Beginning with the line that holds "Lululemon Jet Crop" and ending with the last line, please repeat the entries exactly and omit the pictures.

-------- STORED DATA

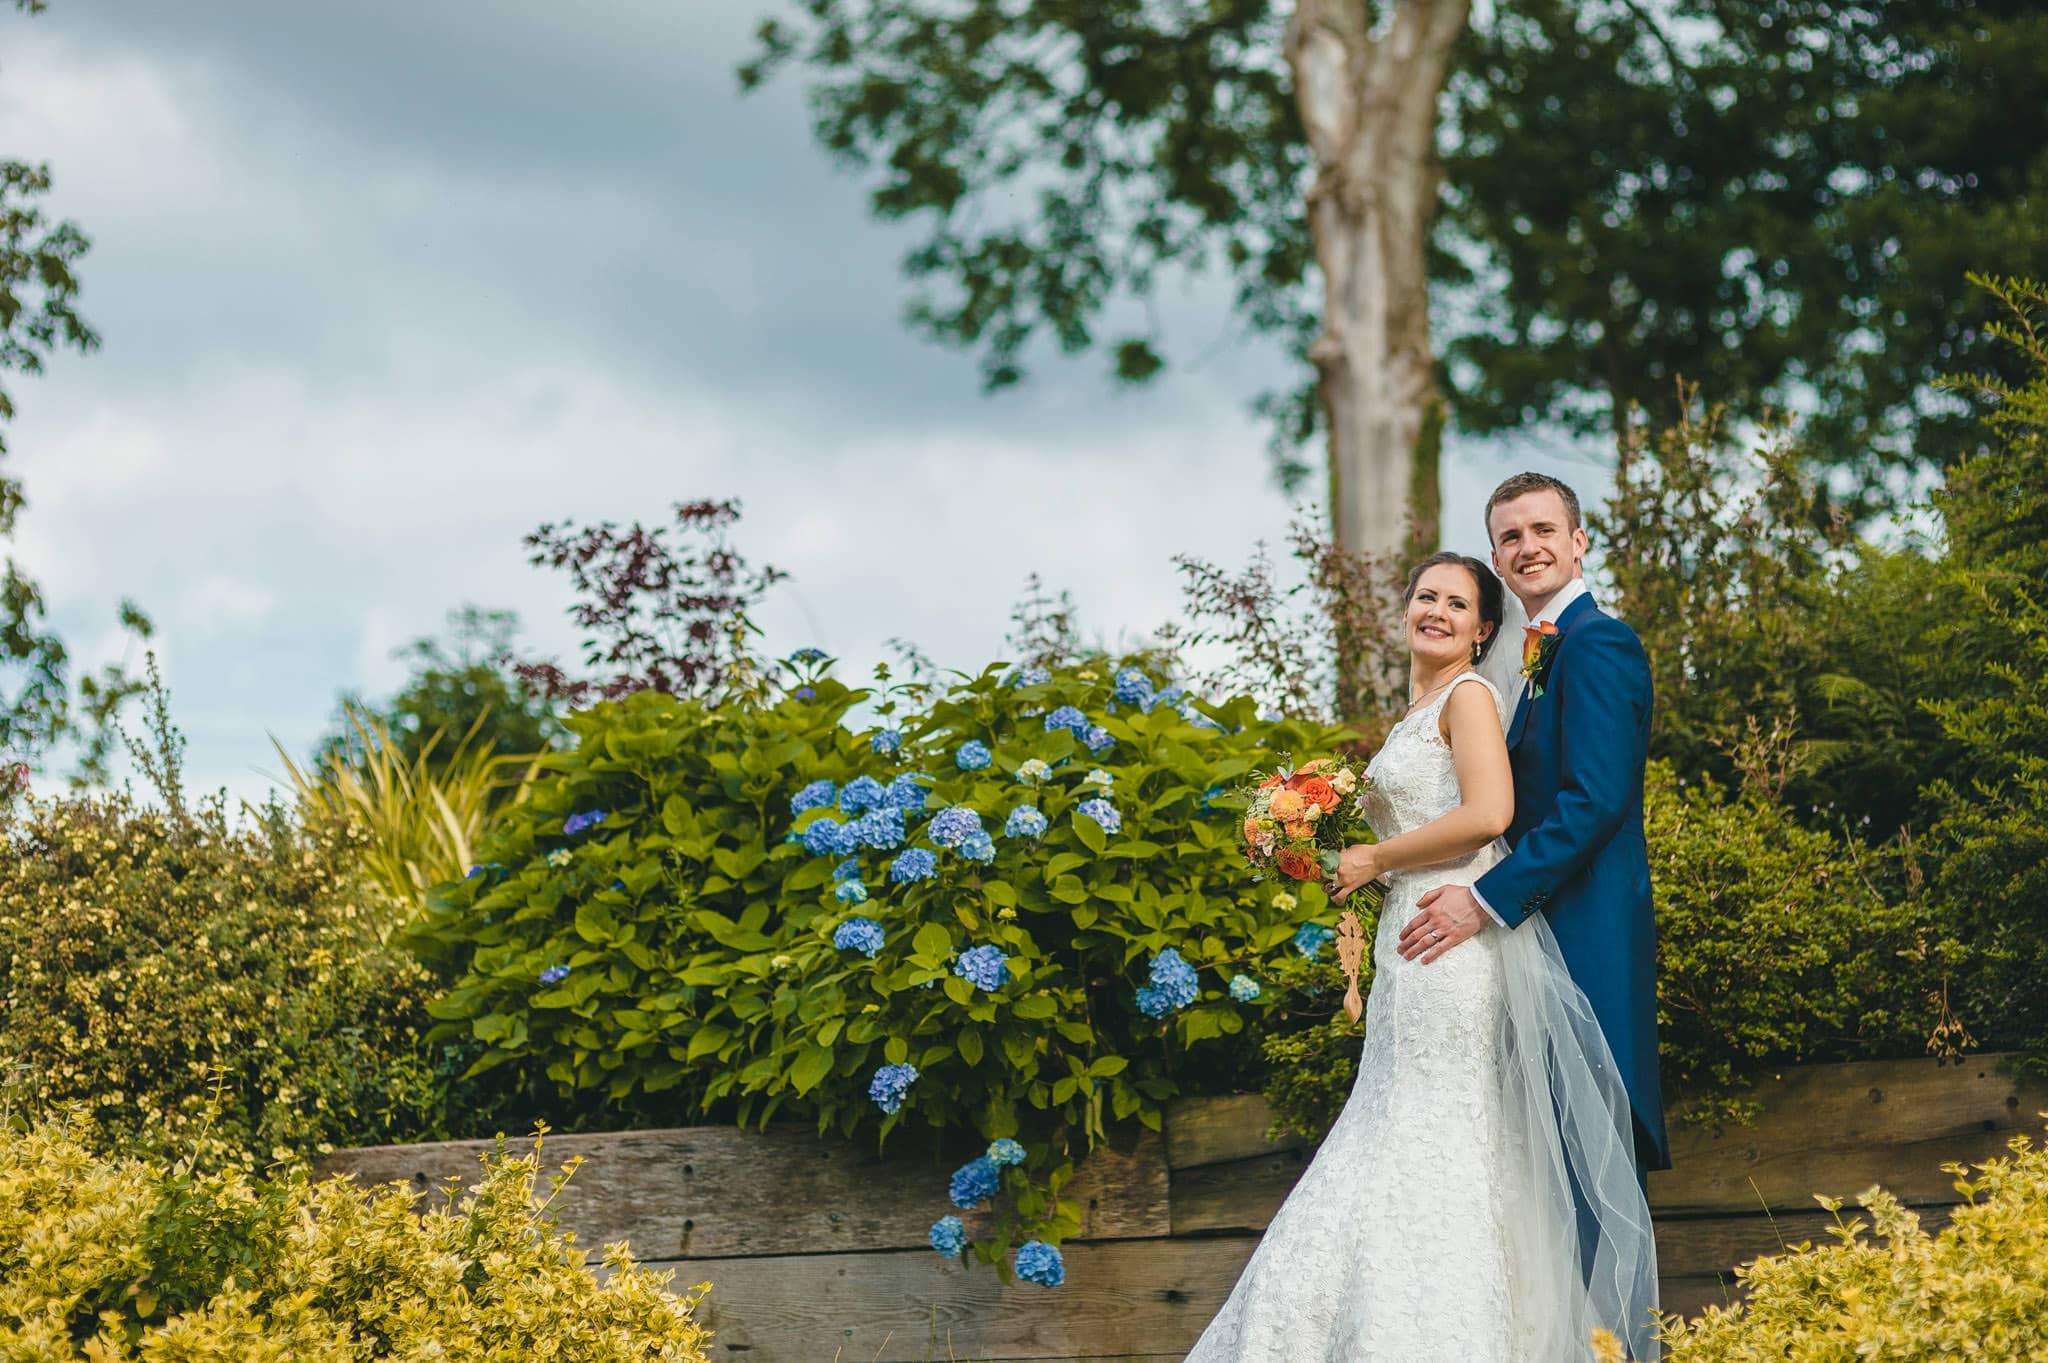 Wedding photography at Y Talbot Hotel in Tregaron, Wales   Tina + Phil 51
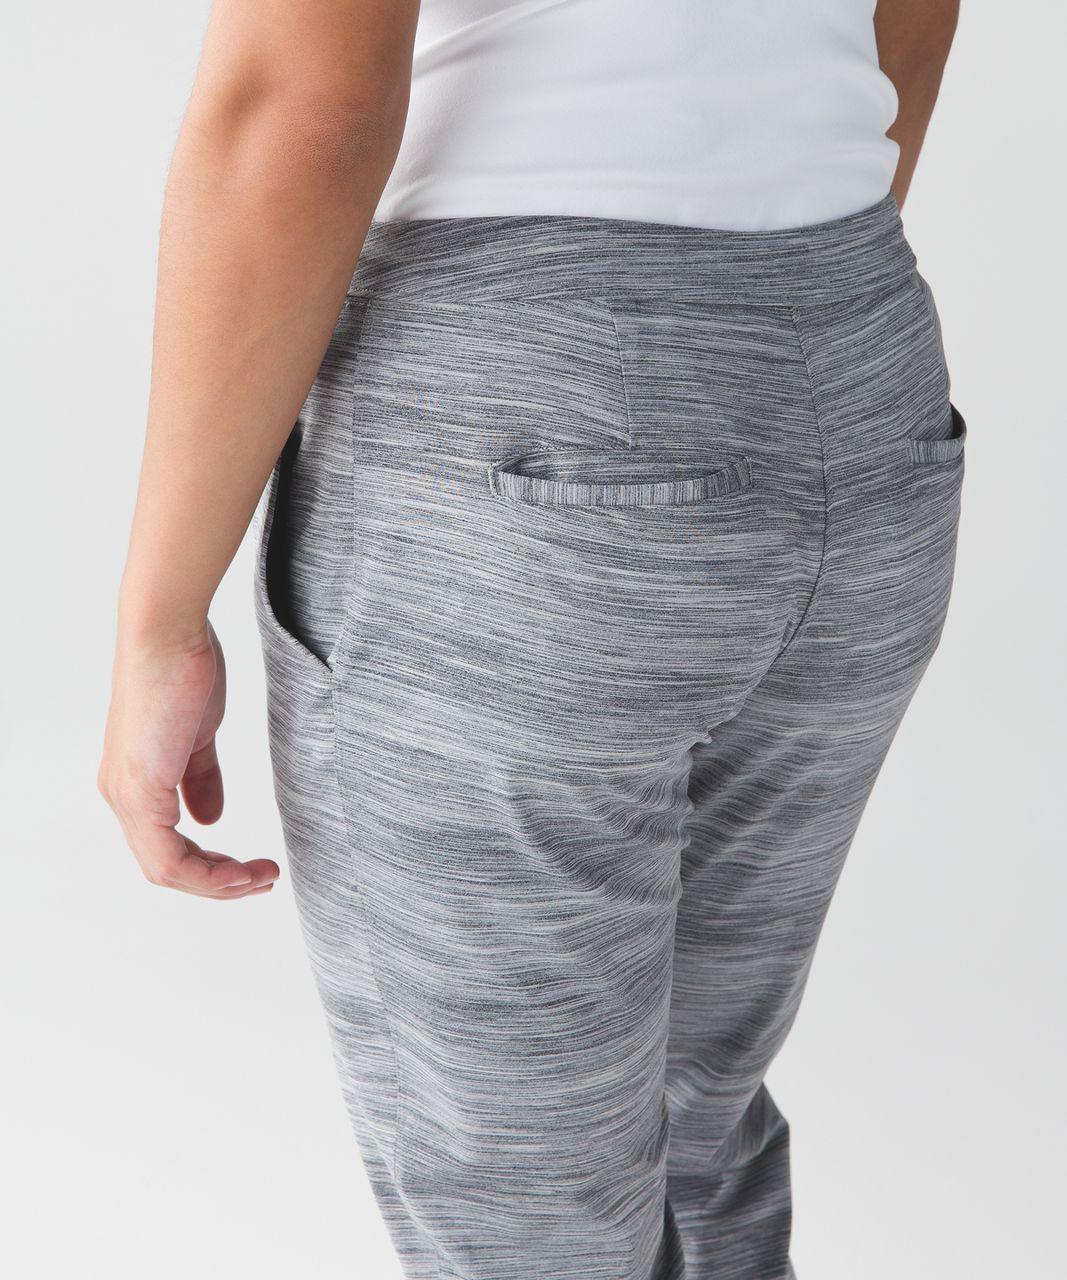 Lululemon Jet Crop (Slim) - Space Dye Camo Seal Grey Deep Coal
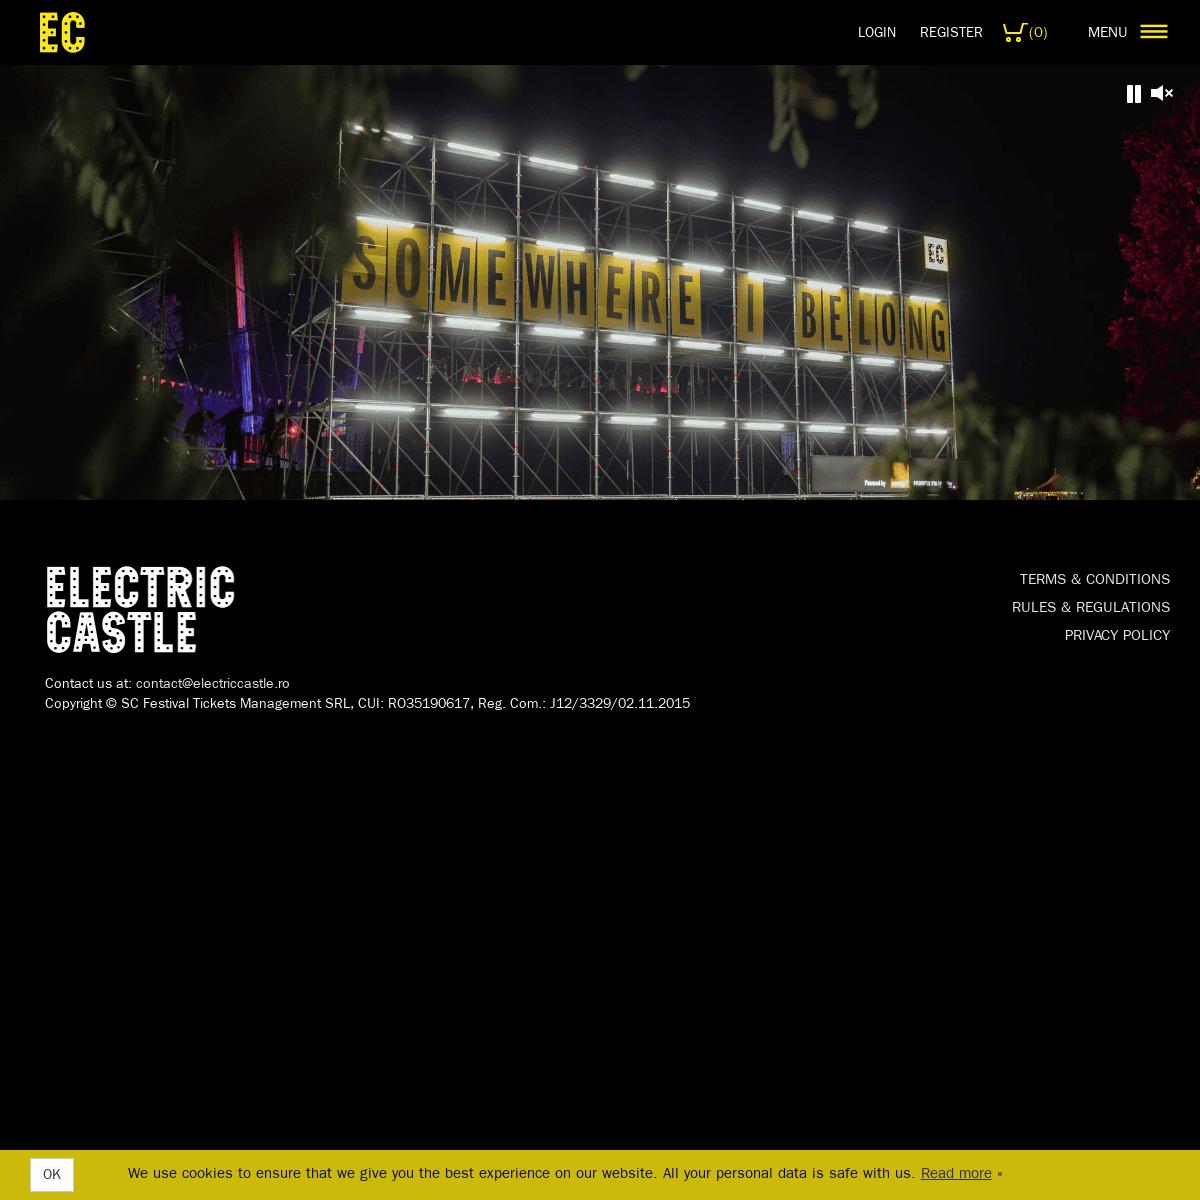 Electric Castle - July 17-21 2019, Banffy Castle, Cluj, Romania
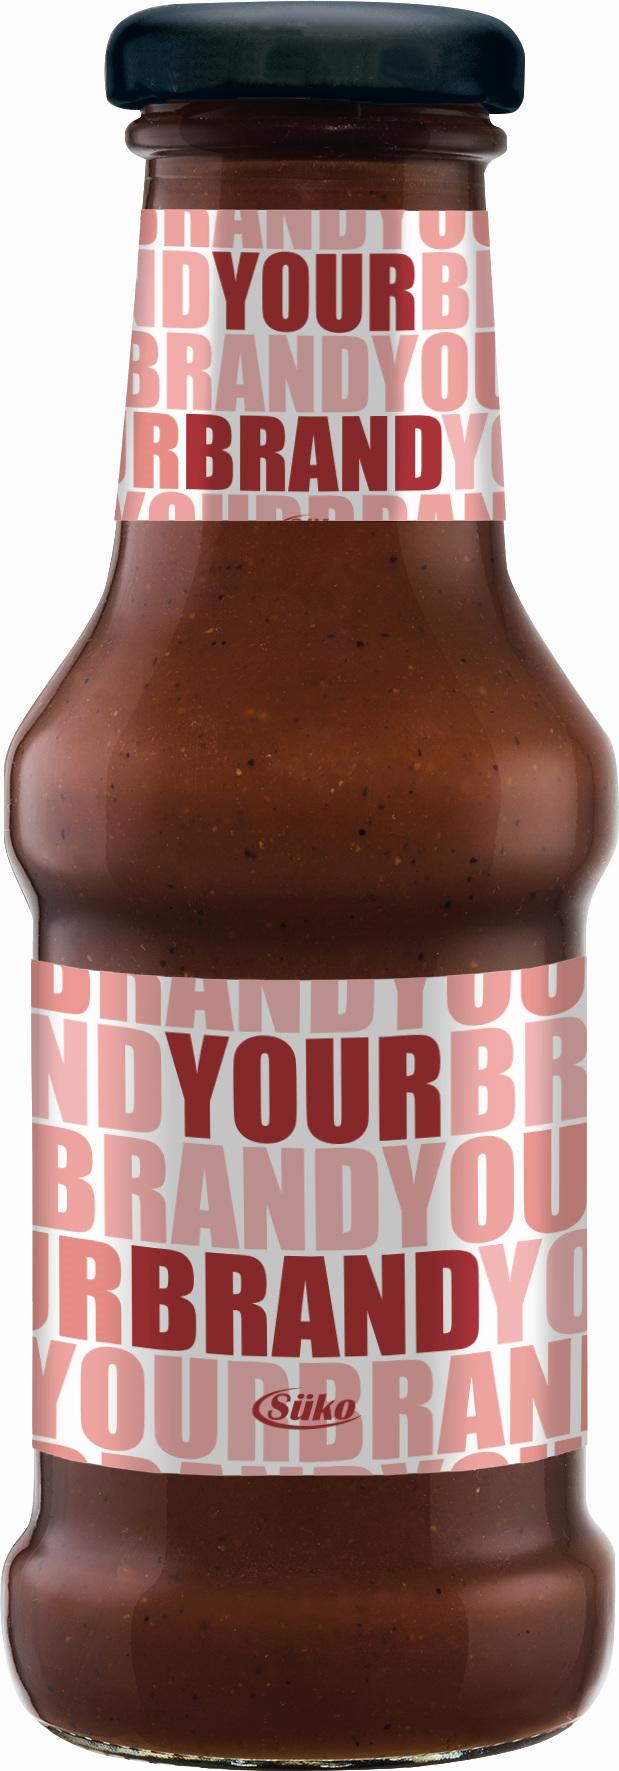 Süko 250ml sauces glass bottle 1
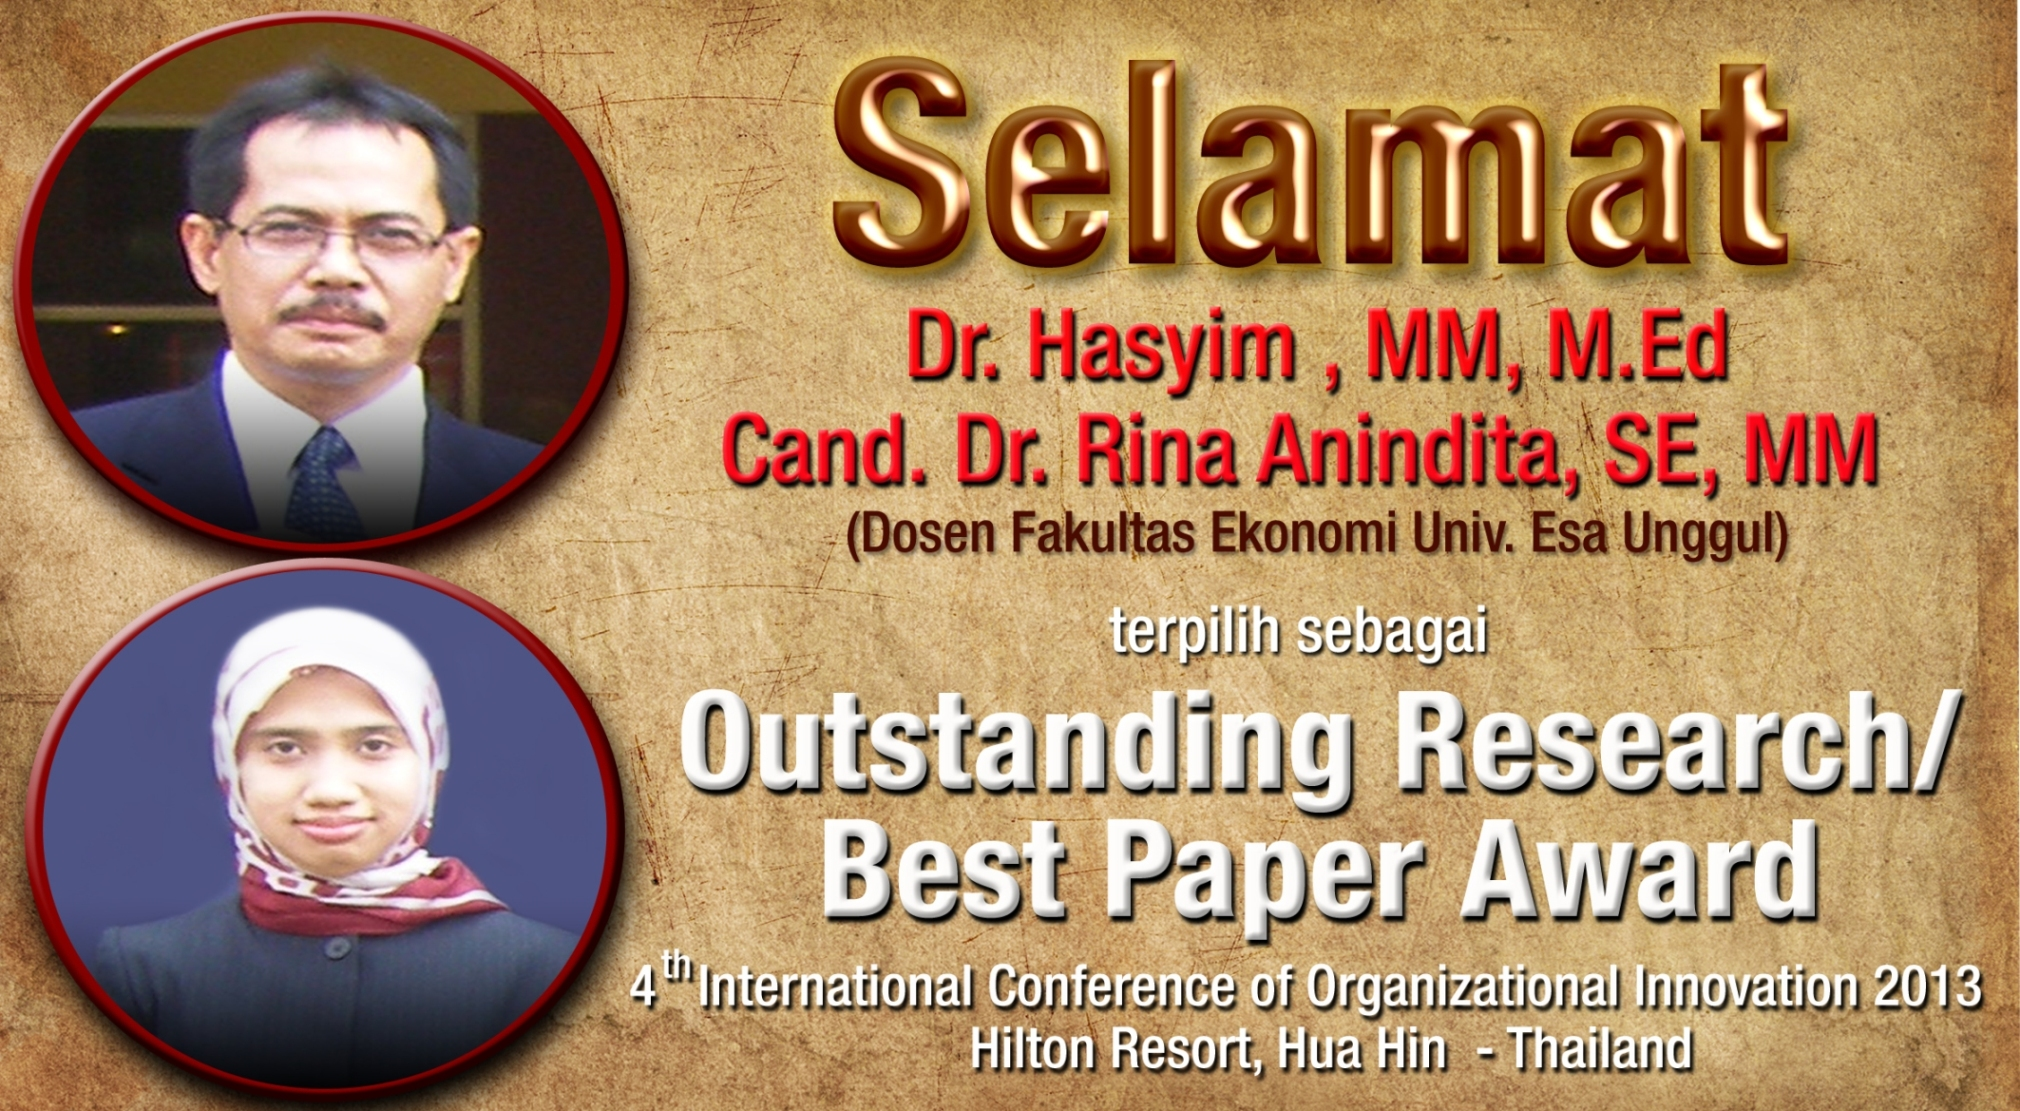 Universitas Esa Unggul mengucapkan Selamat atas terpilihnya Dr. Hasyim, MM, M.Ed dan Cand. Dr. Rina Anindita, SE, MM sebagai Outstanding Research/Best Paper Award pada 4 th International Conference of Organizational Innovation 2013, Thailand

----------------

_OUTPUT OF THE TASK_
 Lululemon Jet Crop (Slim) - Space Dye Camo Seal Grey Deep Coal
 Electric Castle - July 17-21 2019, Banffy Castle, Cluj, Romania
 Süko 250ml sauces glass bottle 1
 Universitas Esa Unggul mengucapkan Selamat atas terpilihnya Dr. Hasyim, MM, M.Ed dan Cand. Dr. Rina Anindita, SE, MM sebagai Outstanding Research/Best Paper Award pada 4 th International Conference of Organizational Innovation 2013, Thailand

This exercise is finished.